Optical hydrogen sensitivity of noble metal–tungsten oxide composite films prepared by sputtering deposition

TLDR: In this paper, the optical hydrogen sensitivity of composite films composed of noble metals such as Pd, Pt and Au and tungsten oxide (WO3) for optical gas sensing was investigated.

Abstract: Composite films composed of noble metals such as Pd, Pt and Au and tungsten oxide (WO3) for optical gas sensing were prepared by simultaneous rf and dc sputtering deposition, and the optical hydrogen sensitivities of these Pd–WO3, Pt–WO3 and Au–WO3 composite films were investigated together with the WO3 film without containing noble metals. At temperatures of 200–250°C, no change in the visible–near IR absorption of the WO3 film without noble metals could be detected by the presence of 1 vol.% H2 in air. The combination of Pd with WO3 film enhanced the detection of H2 in air through an increasing change of absorbance in the whole visible–near IR wavelength region centered at around λ=1000 nm. This increase of absorbance by H2 can be explained by the formation of tungsten bronze (HxWO3), which is enhanced by the dissociation of H2 on Pd. On the other hand, the combination of Pt with WO3 did not make the film sensitive to H2. In the case of the Au–WO3 composite film, the combination of Au made the film sensitive mainly at the plasmon absorption region around visible wavelengths, in addition to the small sensitivity due to the formation of tungsten bronze around near IR wavelengths.
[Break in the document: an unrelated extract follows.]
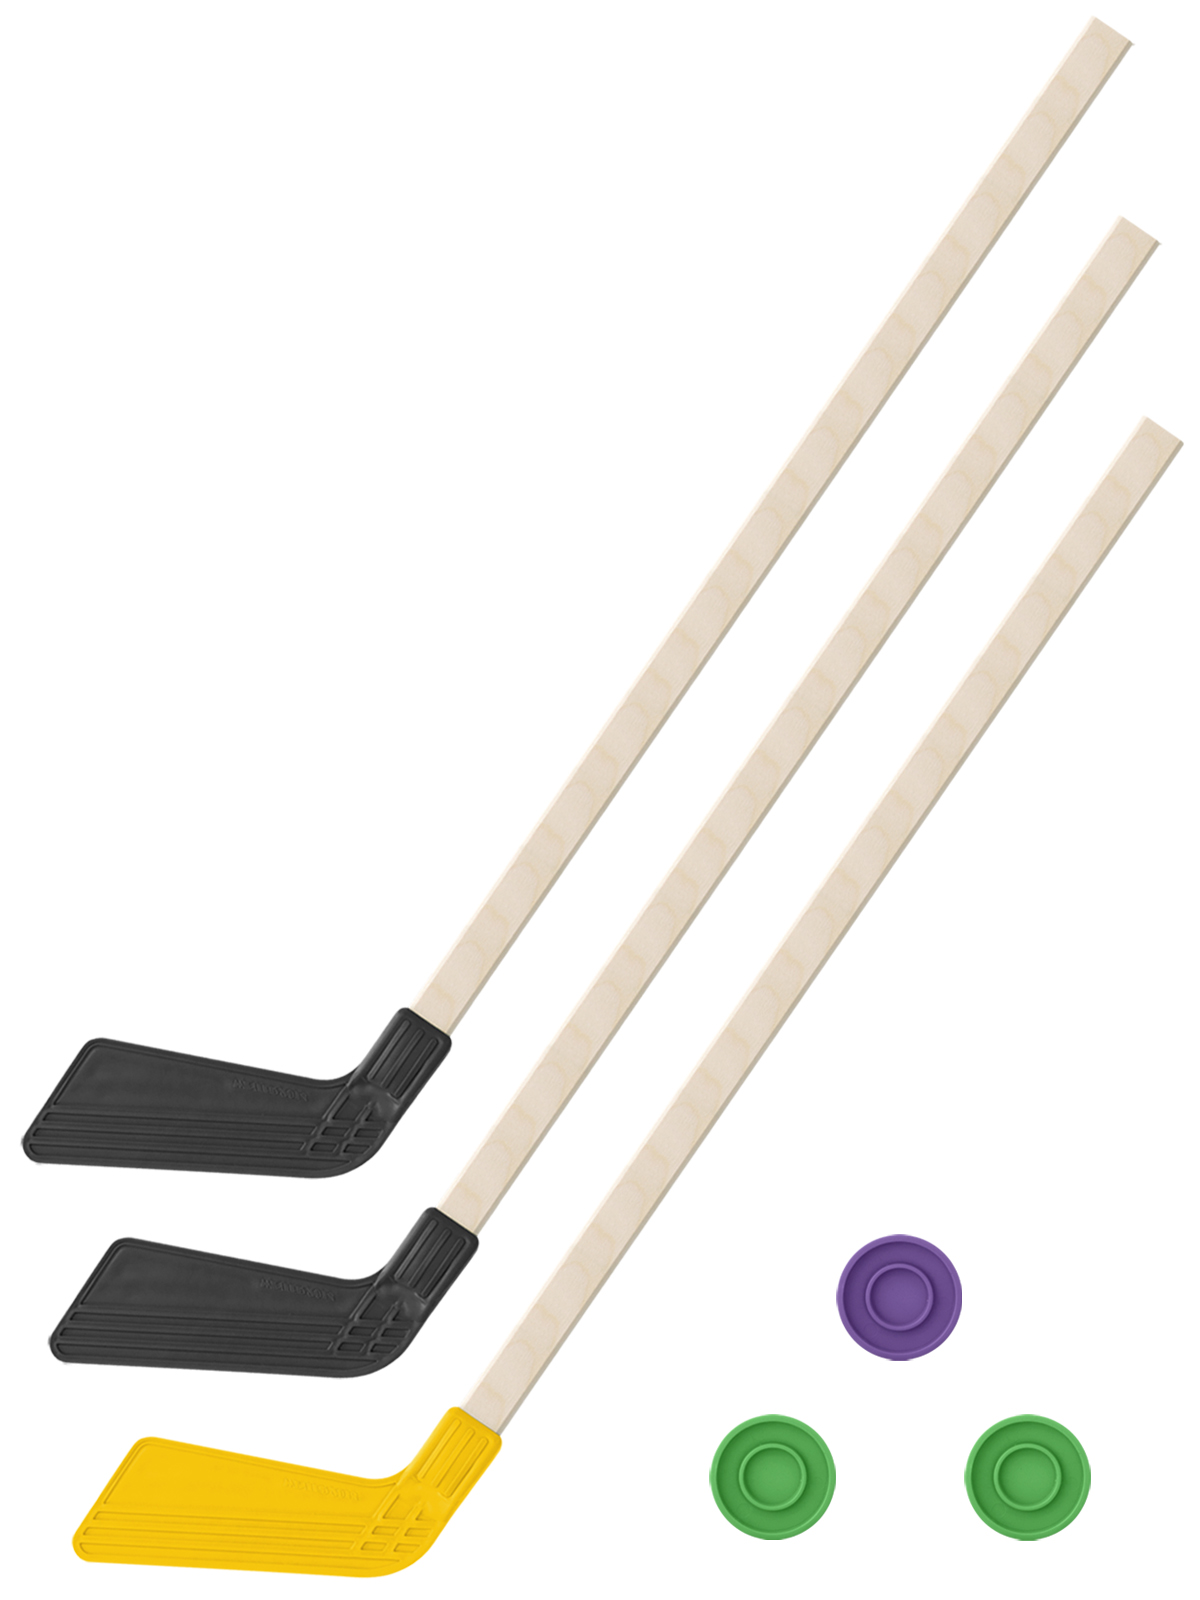 Детский хоккейный набор Задира-плюс 3 в 1 Клюшка хоккейная 80 см (2черн, 1жел) + 3 шайбы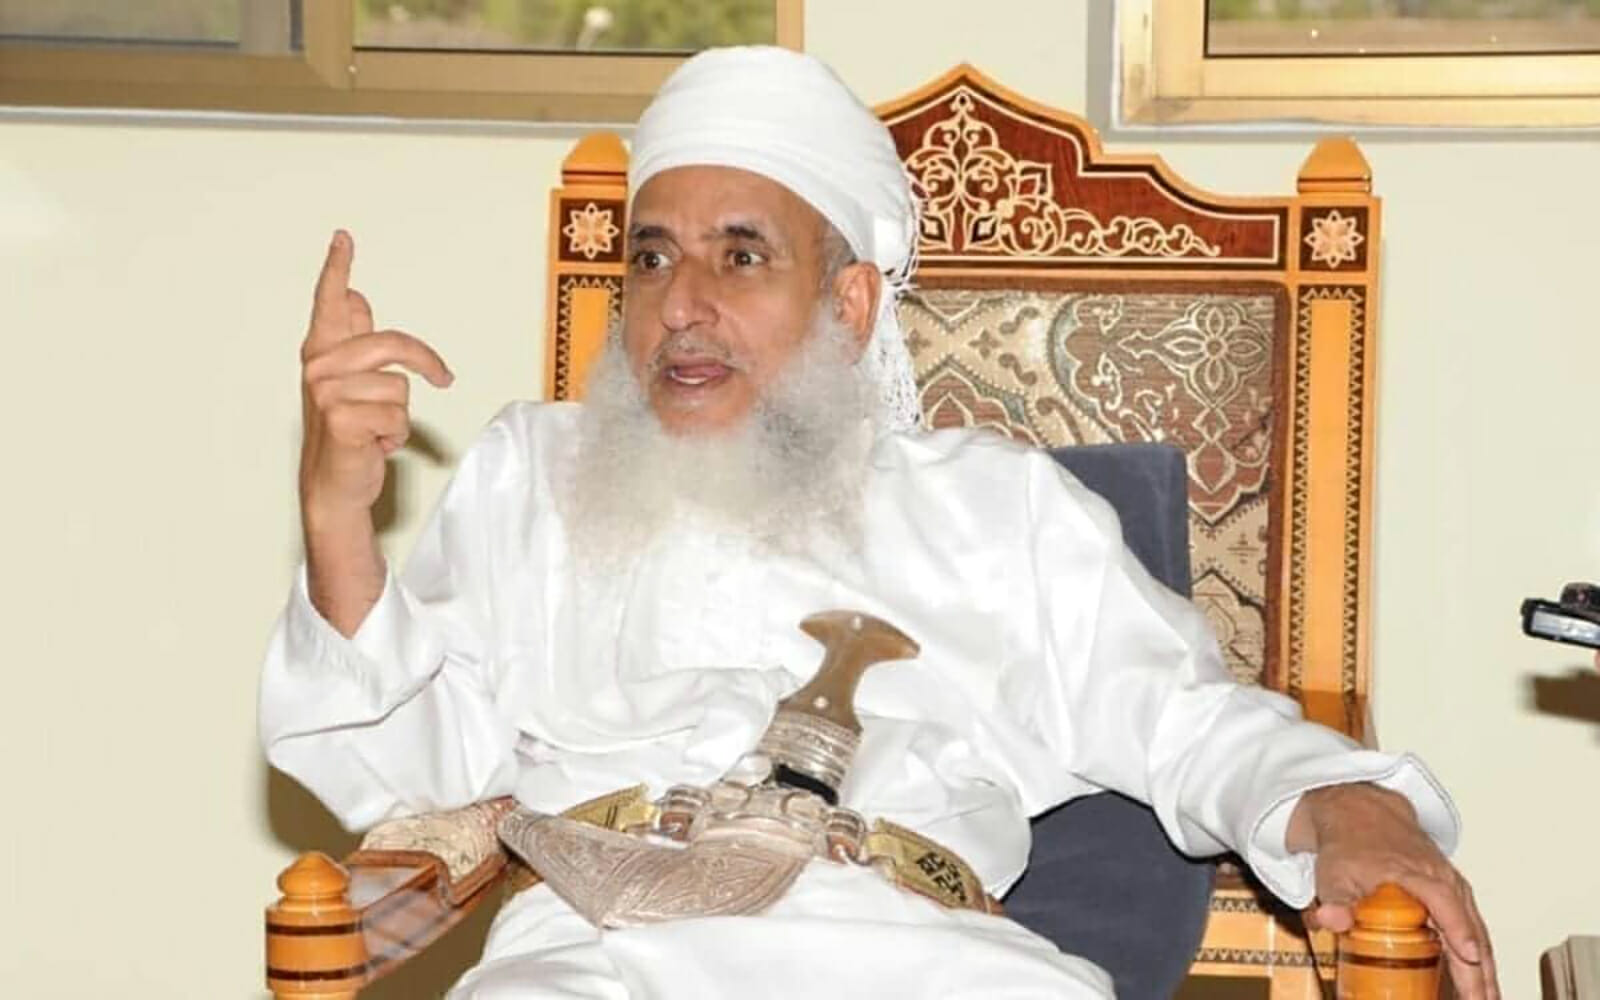 أحمد بن حمد الخليلي منع المكبرات الخارجية في المساجد سلطنة عمان watanserb.com

The change of absorbance by H2 in the plasmon absorption region, which include both an increasing change at wavelengths around 550 nm and a decreasing change of absorbance at wavelengths around 700 nm, might be because the absorbance by small Au particles in plasmon band was influenced by the change in the dielectric constant of tungsten oxide which surrounded small Au particles.